According to the depository, the profit from Russian assets is influenced by two factors:
- High interest rates.
- The amount of money Euroclear is obligated to invest.
Therefore, future earnings will depend on changes in interest rates and the size of invested funds in the context of the evolving sanctions regime. Euroclear expects that the growth of its cash balance will start stabilizing as the pace of blocked payments and repayments decreases.
Euroclear's management notes that the European Commission is considering various ways to use the profits earned from sanctioned assets to fund Ukraine's reconstruction.

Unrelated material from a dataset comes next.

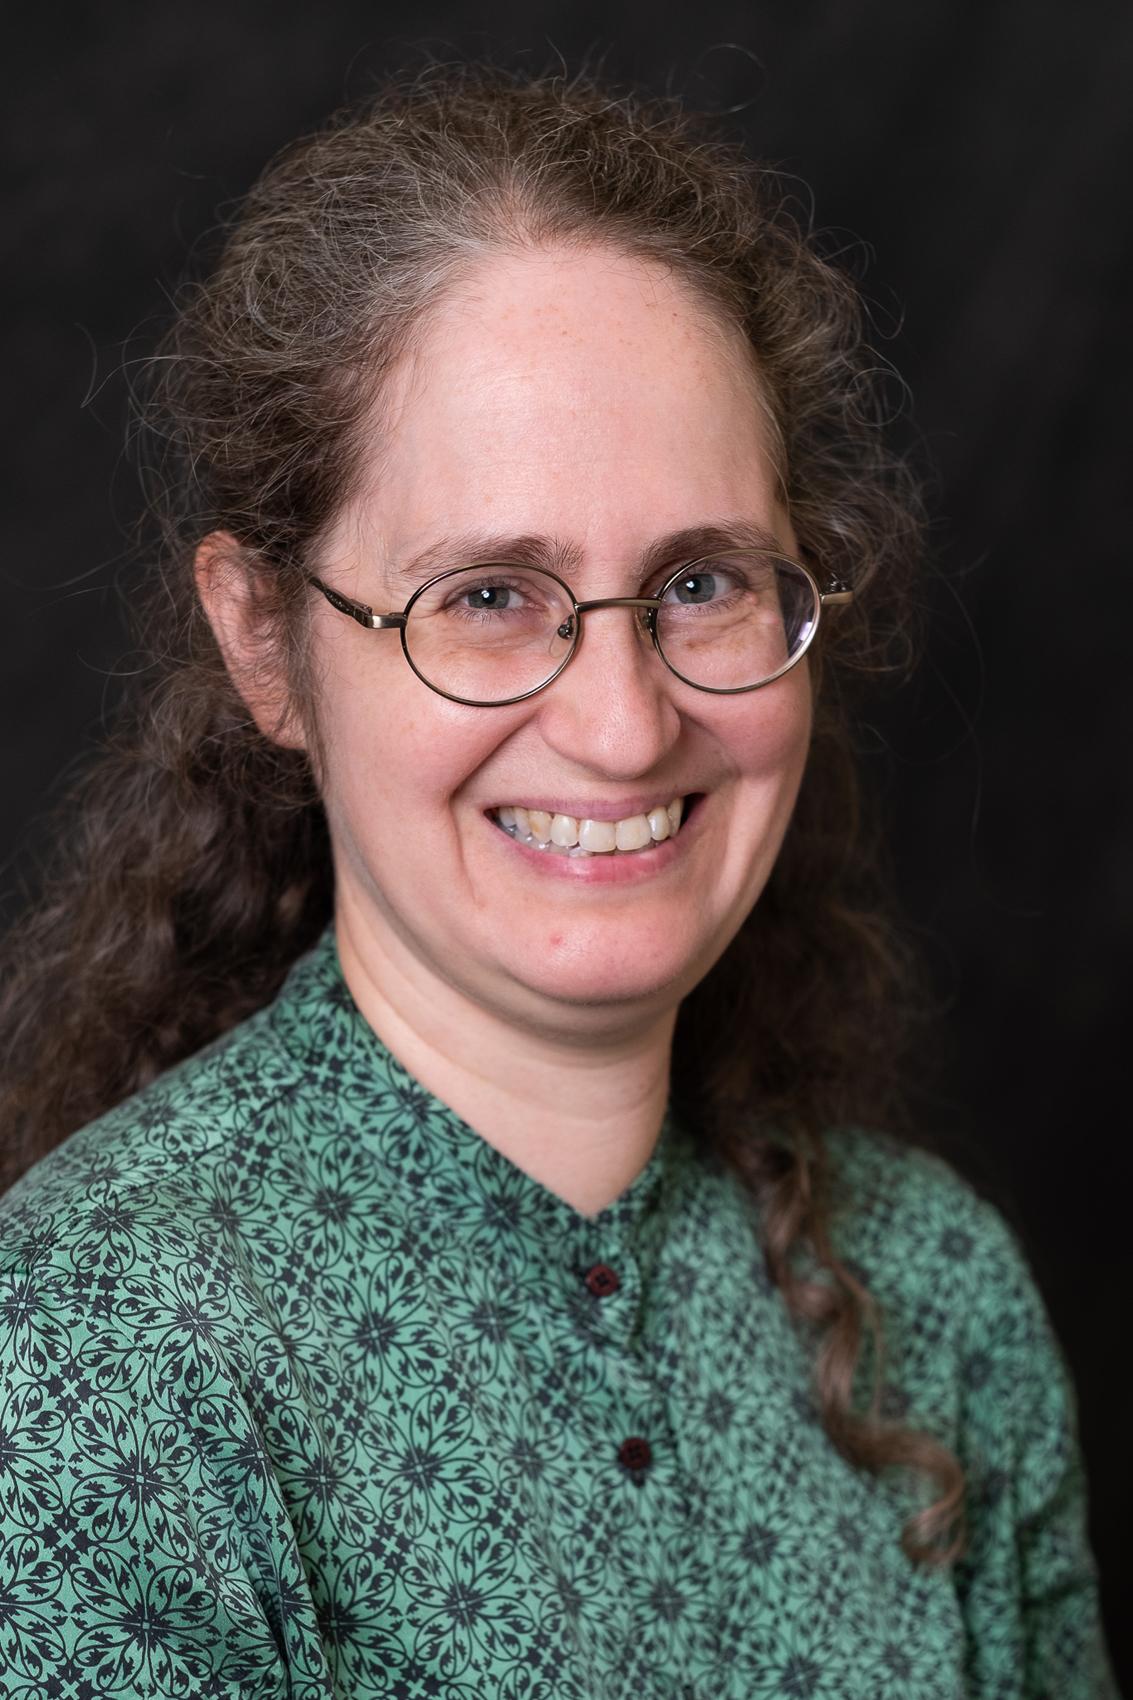 Dr. Sarah Bradshaw

This information will likely intensify discussions within the EU regarding the proposal to introduce a tax on income from investments in Russian assets and transfer the proceeds to support Ukraine.

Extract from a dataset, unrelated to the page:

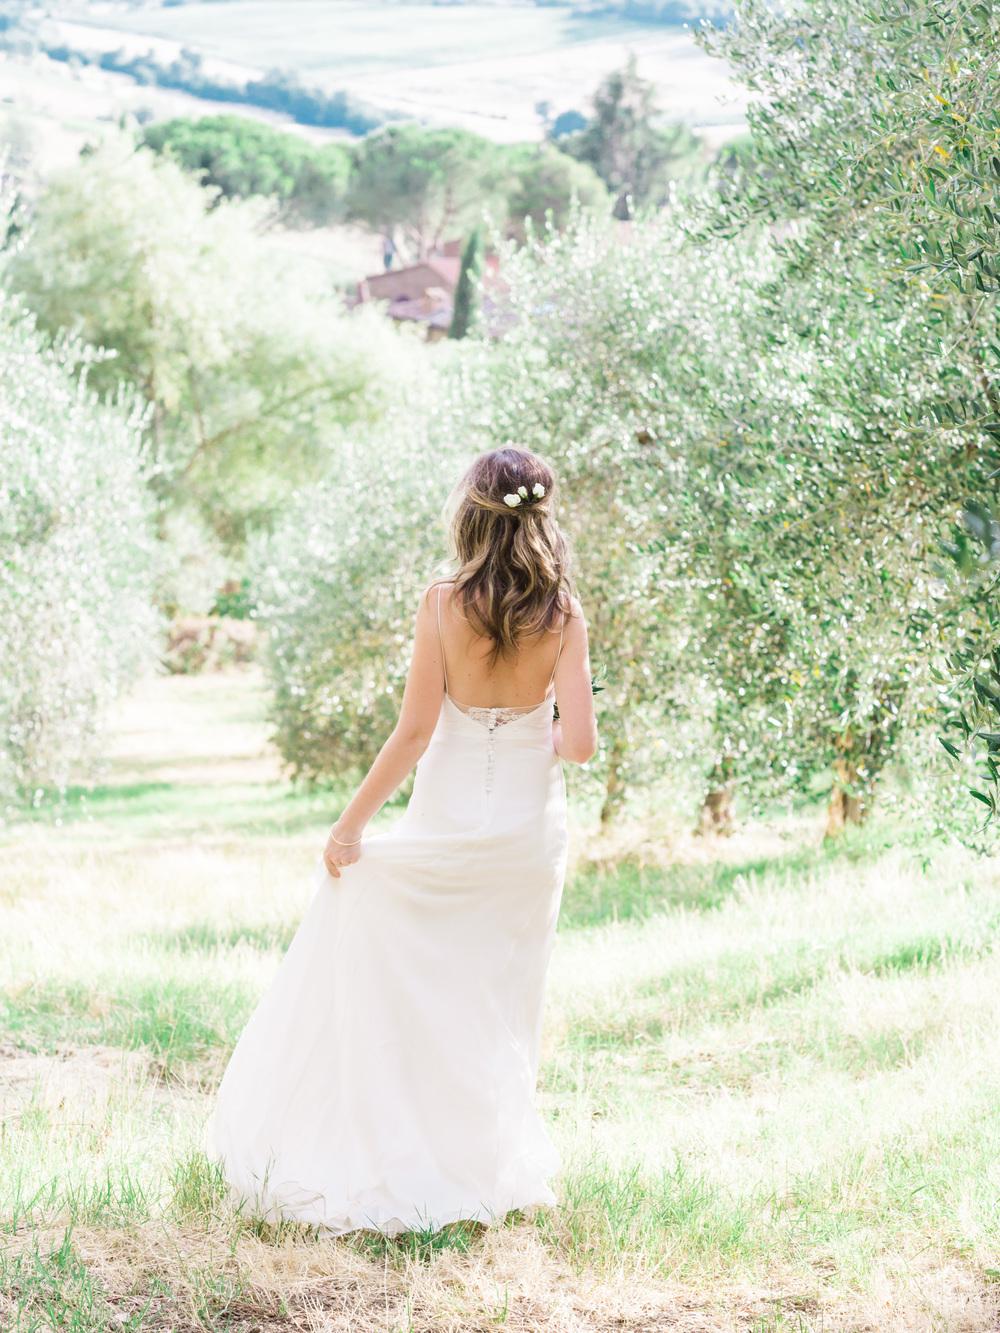 Blanccoco_Photographe_CF_Wedding_Italy_Tuscany_Fattoria_di_Cinciano-595.jpg

Currently, the EU has postponed a decision on implementing a special tax due to disagreement among several member states, including Germany and France.
Since the start of the conflict in Ukraine, the EU has frozen assets of the Russian Central Bank worth over €200 billion. A significant portion of these funds is held in Euroclear depository. Additionally, the EU has frozen €24.1 billion in assets belonging to Russians and Russian companies subject to sanctions. Recently, the United States also froze $8 billion in Russian assets.
Currently, the United States and the European Union are exploring legal avenues to utilize the entire $300 billion of frozen Russian assets for the benefit of Ukraine. Meanwhile, Ukraine hopes to receive $300-500 billion from such assets.
On September 7, the United States announced that they would transfer confiscated assets of Russian oligarchs to Ukraine for the first time. This involves $5.4 million, which will go towards supporting Ukrainian veterans.
As previously reported by The Gaze, the Estonian government approved and submitted a resolution to parliament on directing frozen Russian assets towards compensating the losses suffered by Ukraine due to the war.
Estonian Prime Minister Kaja Kallas emphasized the importance of holding Russia accountable for its aggression. She believes that Estonia should set an example for other European countries in implementing such measures.